Berdasarkan hasil penelitian metode pembersihan lumut dengan pemanasan lebih efektif dibandingkan dengan pembersihan secara mekanis, tetapi metode pembersihan dengan pemanasan ini kurang aman untuk digunakan pada benda cagar budaya karena adanya kontak langsung antara permukaan benda dengan api. Dari pengamatan mikroskopis terlihat adanya perubahan pada permukaan batu yang terjadi setelah dilakukan proses pemanasan








BAB IV
PENUTUP

4.1   Kesimpulan
Setelah pembahasan masalah dari bab-bab terdahulu, penulis dapat menarik kesimpulan sebagai berikut:
1.    Tubuh lumut kerak berupa thallus yang terdiri dari benang-benang hifa.
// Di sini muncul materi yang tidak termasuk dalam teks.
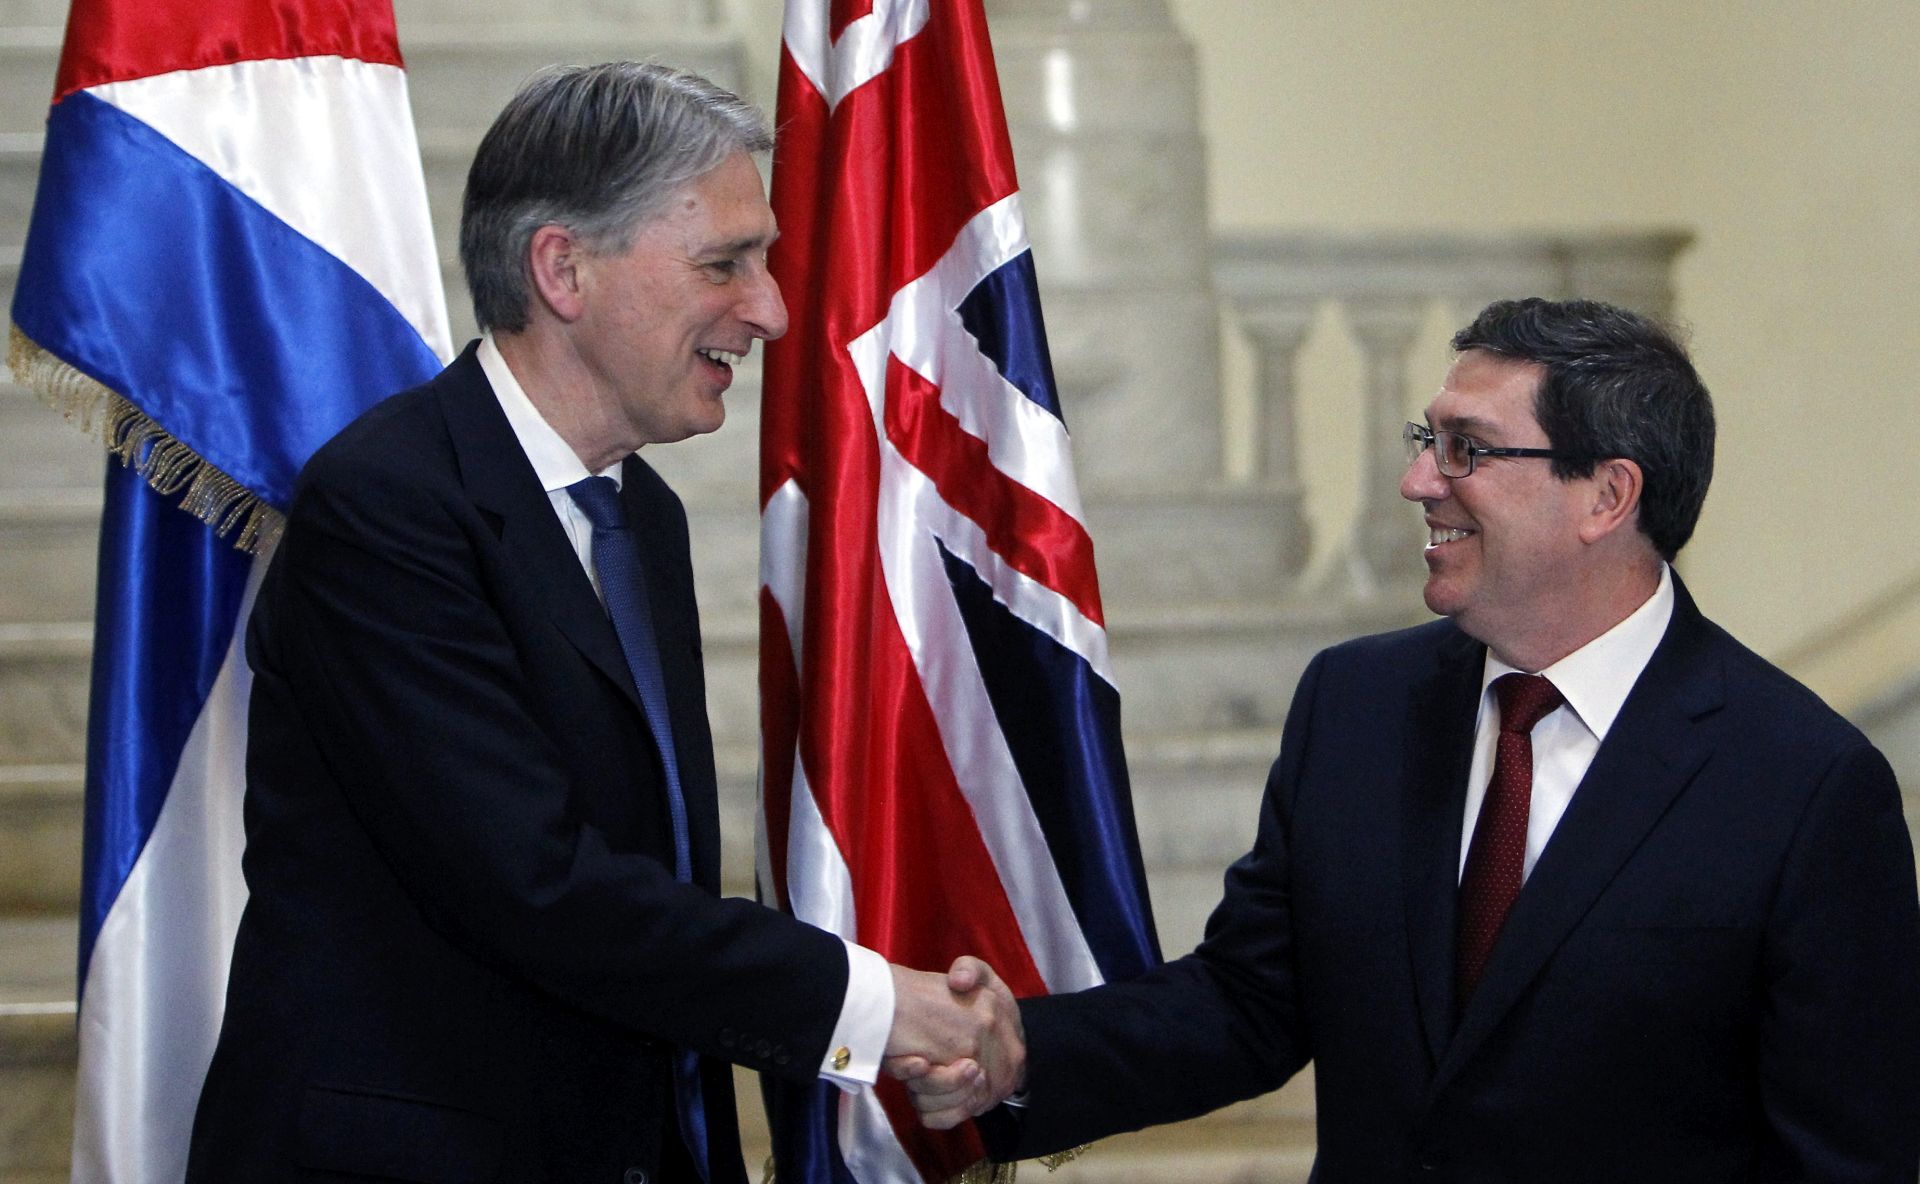 epa05282026 British Secretary of State for Foreign and Commonwealth Affairs, Philip Hammond (L) shakes hands with his Cuban counterpart Bruno Rodriguez Parrilla (R) at the Foreign Ministry headquarters in Havana, Cuba, 28 April 2016. Hammond is in Cuba as part of his Latin American tour, which includes Colombia and Mexico.  EPA/ERNESTO MASTRASCUSA

Sebagai tumbuhan perintis, lichenes ikut berperan dalam pembentukan tanah dan tidak memerlukan syarat hidup yang tinggi.
2.    Lumut Kerak bisa mengakibatkan pelapukan pada Batuan Candi Borobudur.
3.    Cara paling efektif untuk membersihkan lumut kerak adalah dengan cara Pemanasan.









4.2   Saran
Untuk menjaga dan memelihara Candi Borobudur serta mengurangi terjadinya pelapukan yang dialami bebatuan Candi Borobudur, maka saran-saran yang dapat penulis berikan adalah :
1. Mengawasi dan menjaga keutuhan Candi Borobudur yang termasuk salah satu keajaiban dunia serta peningkatan berupa hal mutlak yang perlu dilakukan oleh yayasan, karena dengan menjaga dan mengawasi hal-hal tersebut akan mengurang resiko yang terjadi pada batuan Candi Borobudur, misalnya terjadinya pelapukan yang kini terjadi pada batuan Candi Borobudur.
2. Sebaiknya yayasan yang bertanggung jawab terhadap keutuhan Candi Borobudur memperbanyak petugas untuk pemeliharaan Candi Borobudur. Begitupun pemerintah untuk menyalurkan dana kepada yayasan untuk meningkatkan kualitas dan fasilitas Candi Borobudur.